Nearly 23,000 people die each year in the US from guns suicide, tragedy that overwhelms some rural congressional districts in the west and south of the country. This is evident from new research by the Everytown for Gun Safety Support Fund.
A lack of mental health resources, changing economic realities, and a widespread gun ownership factor in the devastating and disproportionate local death toll across the country.
“Nationwide, almost half of all suicides involve a firearm. However, this Congressional district survey shows that the national average masks huge differences between districts, ”explains the Everytown report.
Meanwhile, experts fear that up to 7,000 lives could be lost to suicide in 2020 alone as Americans buy new firearms amid a heartfelt economic recession sparked by the coronavirus pandemic. “It̵
For months, more than a third of American adults have had symptoms of anxiety or depression, and crisis helpline phones have been ringing for callers concerned about their mental health, including thoughts of suicide.
But long before the first Covid-19 infection, a nationwide arms crisis hit the Americans: The suicide rate of firearms has increased by an astonishing 19% in recent years.
Everytown’s breakdown of data from all 435 congressional districts and Washington DC shows constituents how their own neighbors are affected and brings home “the observations that may not feel compelling at the national level,” said Deborah Azrael, director of research for Harvard Injury Control Research Center at Harvard TH Chan School of Public Health.
For residents and policy makers in the 20 hardest hit districts in the southern and western US, the analysis represents a rude awakening to chronically poor gun suicide rates. In 11 districts in Alaska, Arizona, Colorado, Idaho, Montana, Oklahoma, Oregon and Tennessee use guns to kill more than 100 people each year – roughly twice the national average.
In contrast, 17 congressional districts in New York, New Jersey, Massachusetts, and DC suffer 10 or fewer gun suicides annually.
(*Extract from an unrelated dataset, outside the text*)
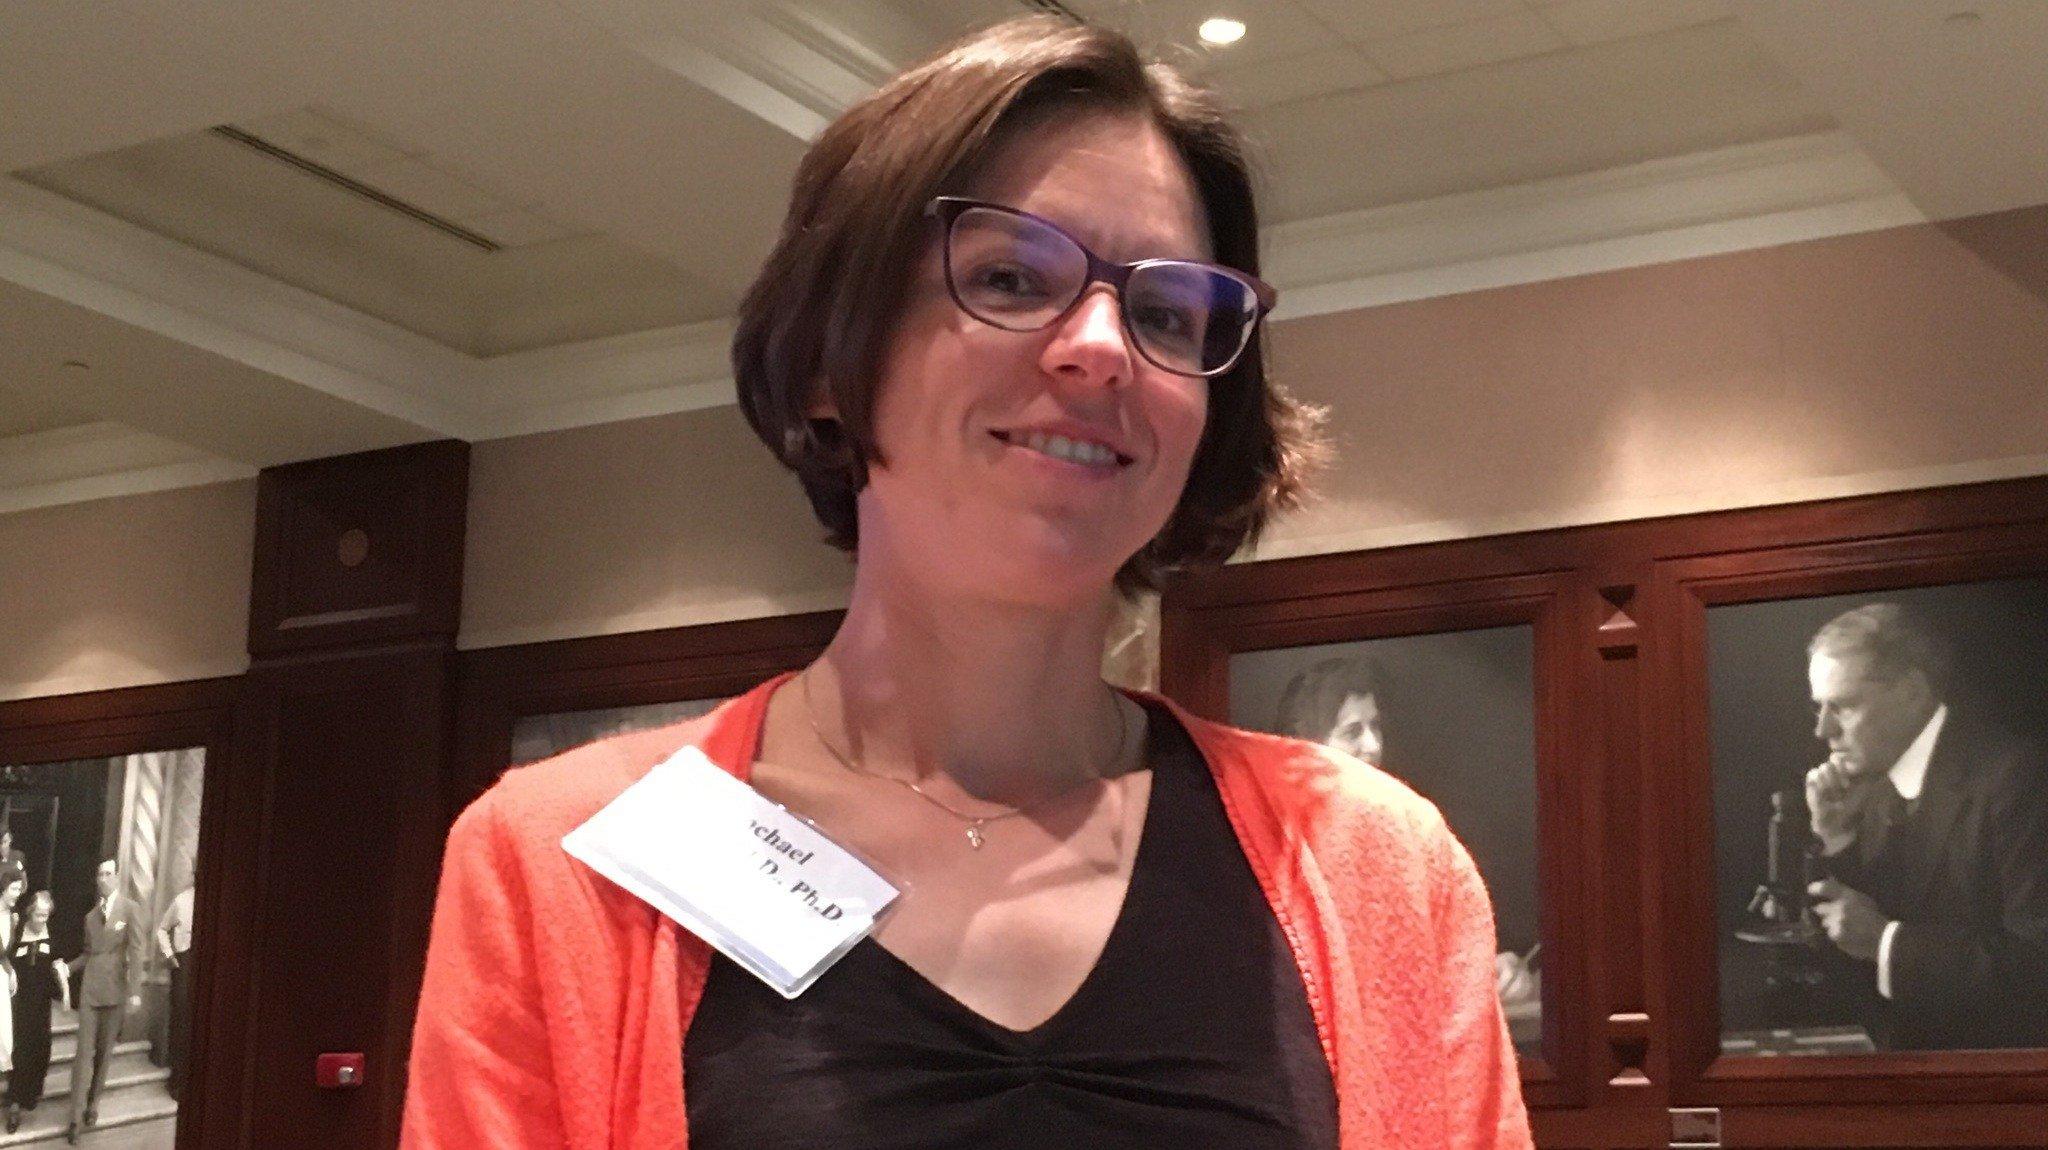 Rachael Vaubel, M.D., Ph.D.

All three states and the US capital have enacted Red Flag Laws, a way for family members, law enforcement officials, or other interested parties to seek court order for the temporary seizure of firearms if they pose a threat to themselves or others.
Most of the states in the northeast have much lower gun ownership rates than anywhere else in the country and have “tough laws” on gun acquisition, Burd-Sharps said. But even in regions where guns are becoming increasingly popular, families who keep their firearms safe are experiencing lower suicide rates.
“It is both reduced access to weapons in crisis and very strict adherence to weapon storage practices that disrupt access to people in crisis,” she said. “Policies are important, and one reason to do things in the congressional district is to hold elected officials … accountable [for] Support these guidelines. “
Nearly half of white men and 46% of rural adults own guns, reports the Pew Research Center. These demographics largely overlap with the people who are most susceptible to suicide with firearms. Although women are generally more likely to try to kill themselves, men and boys account for 86% of all suicides.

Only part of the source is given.